**Data extracts:**

*****

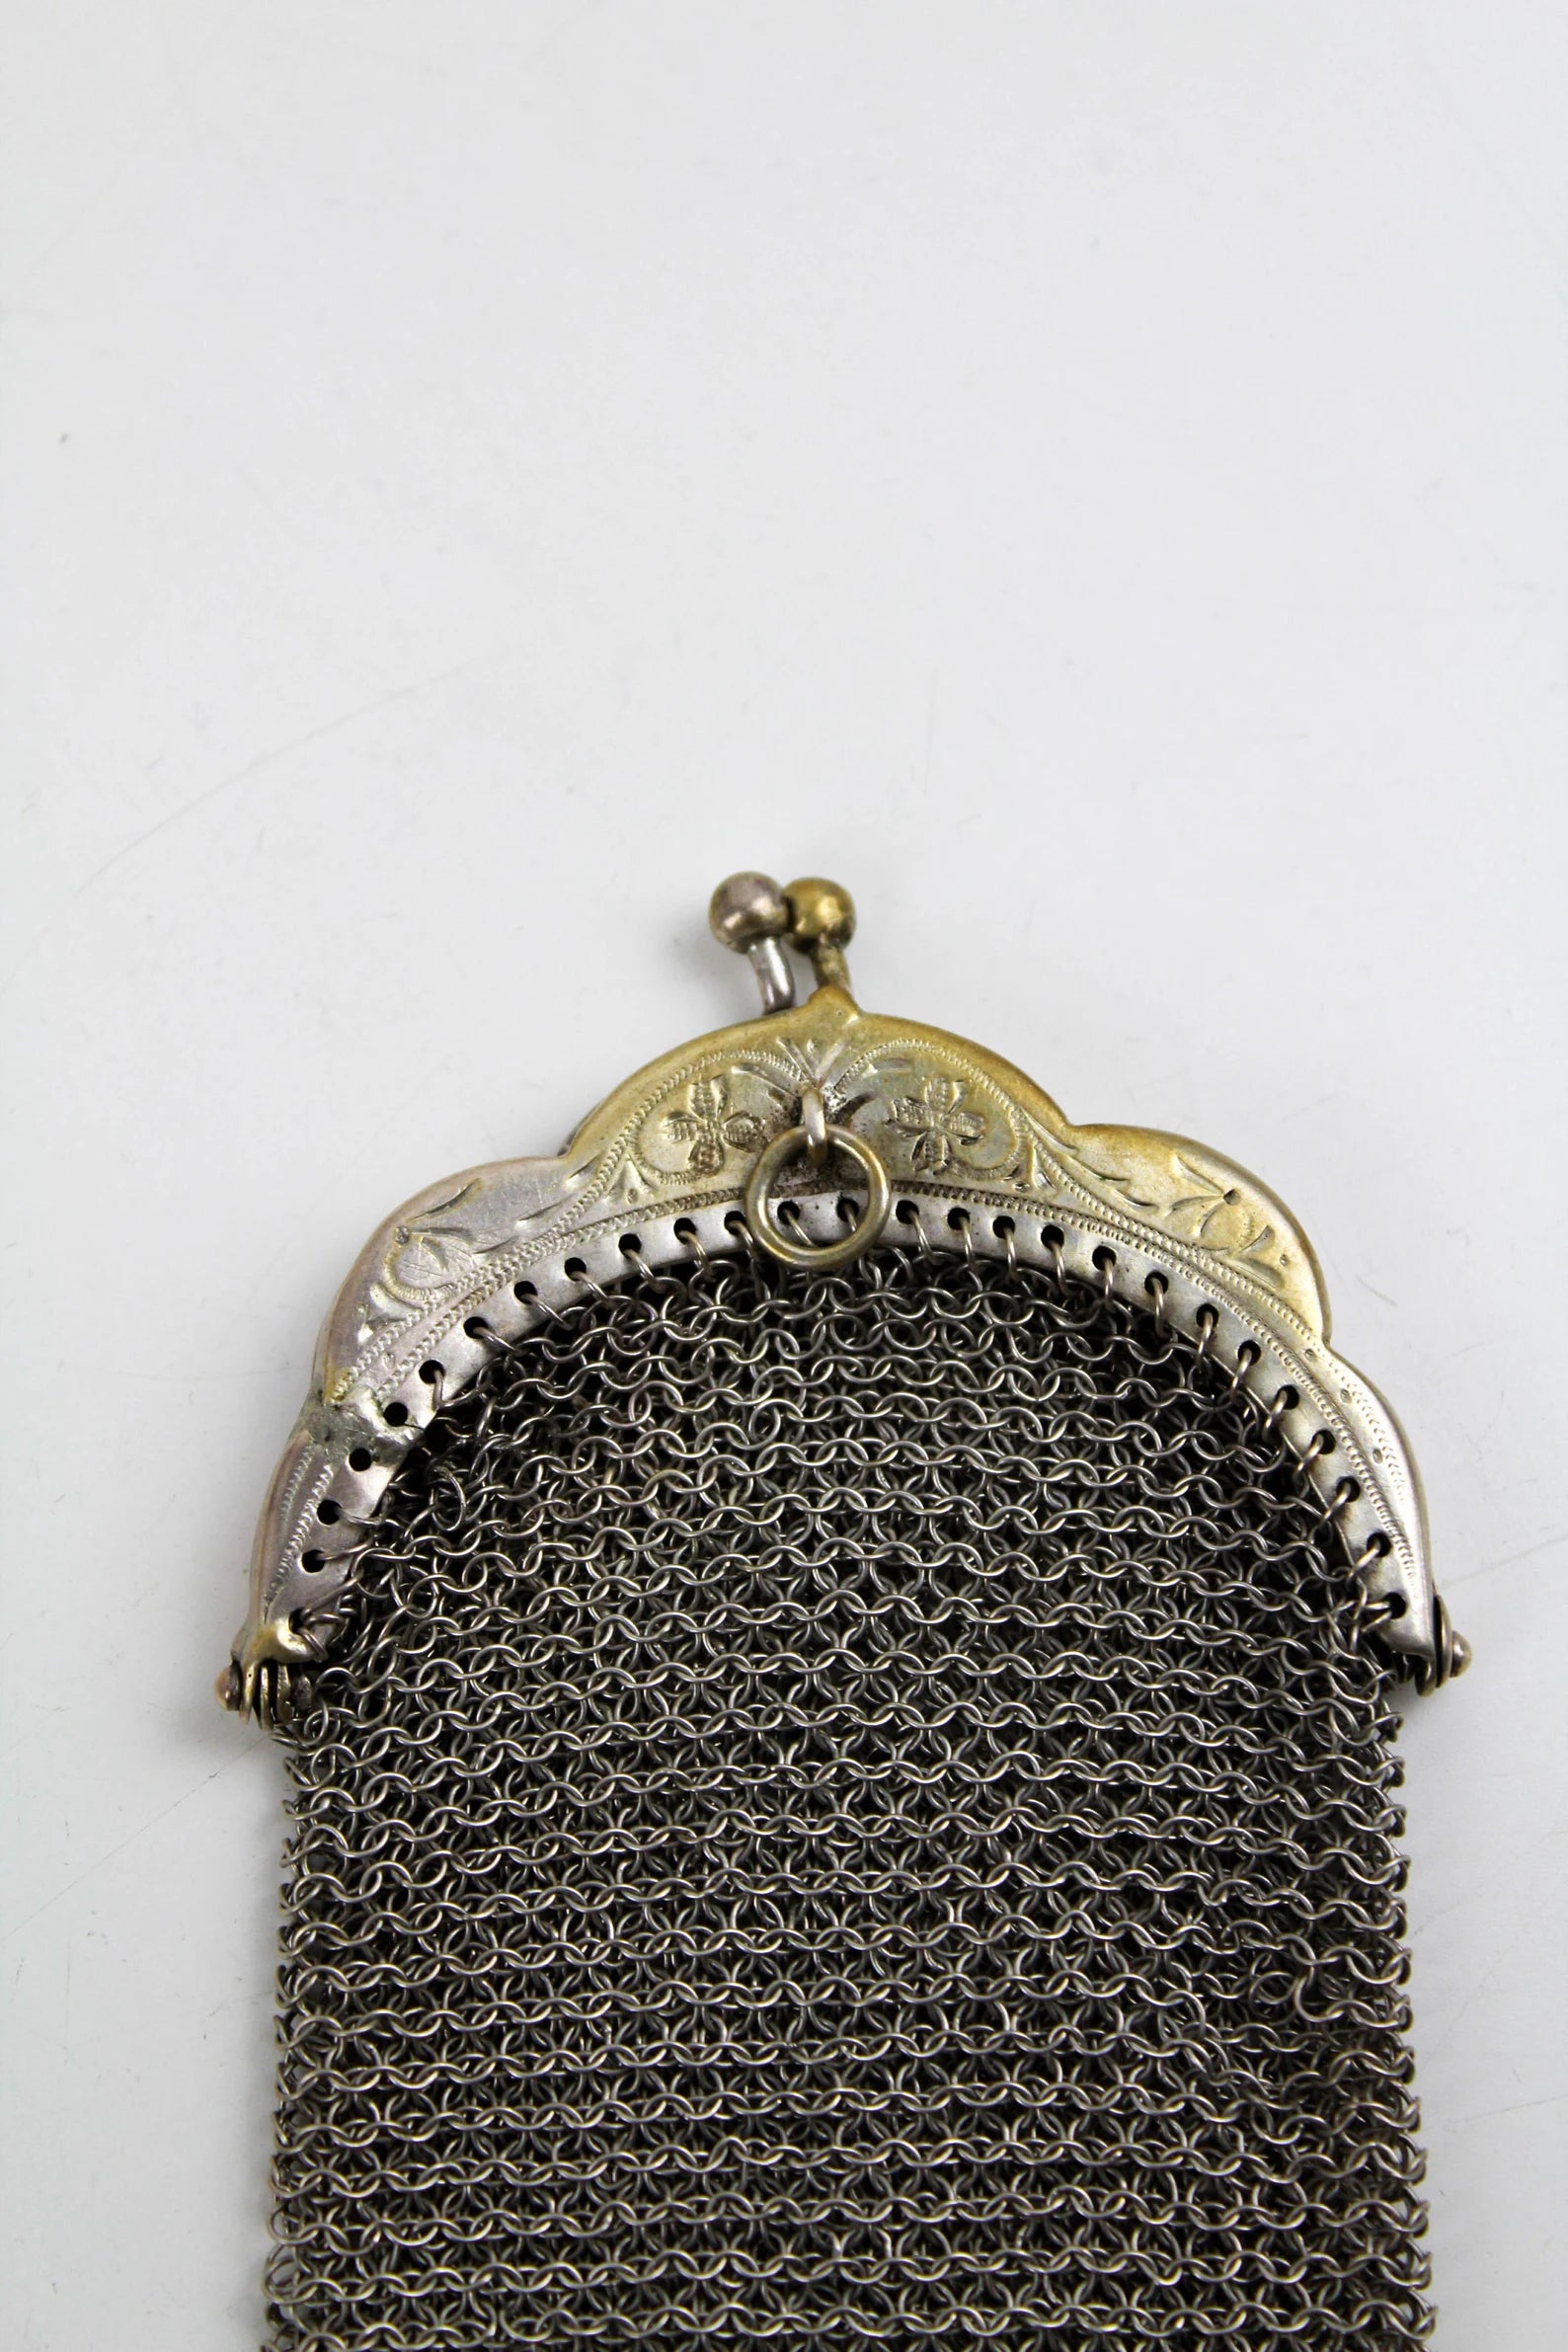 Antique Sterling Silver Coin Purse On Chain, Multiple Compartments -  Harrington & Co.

*****

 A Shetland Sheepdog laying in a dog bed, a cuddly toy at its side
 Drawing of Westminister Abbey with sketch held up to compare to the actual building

*****

**Exercise description:** Whatever else the listing above holds, retype exactly only the lines from the one containing "A Shetland Sheepdog" to the one containing "Drawing of Westminister", both ends kept.

**Exercise answer:**
 A Shetland Sheepdog laying in a dog bed, a cuddly toy at its side
 Drawing of Westminister Abbey with sketch held up to compare to the actual building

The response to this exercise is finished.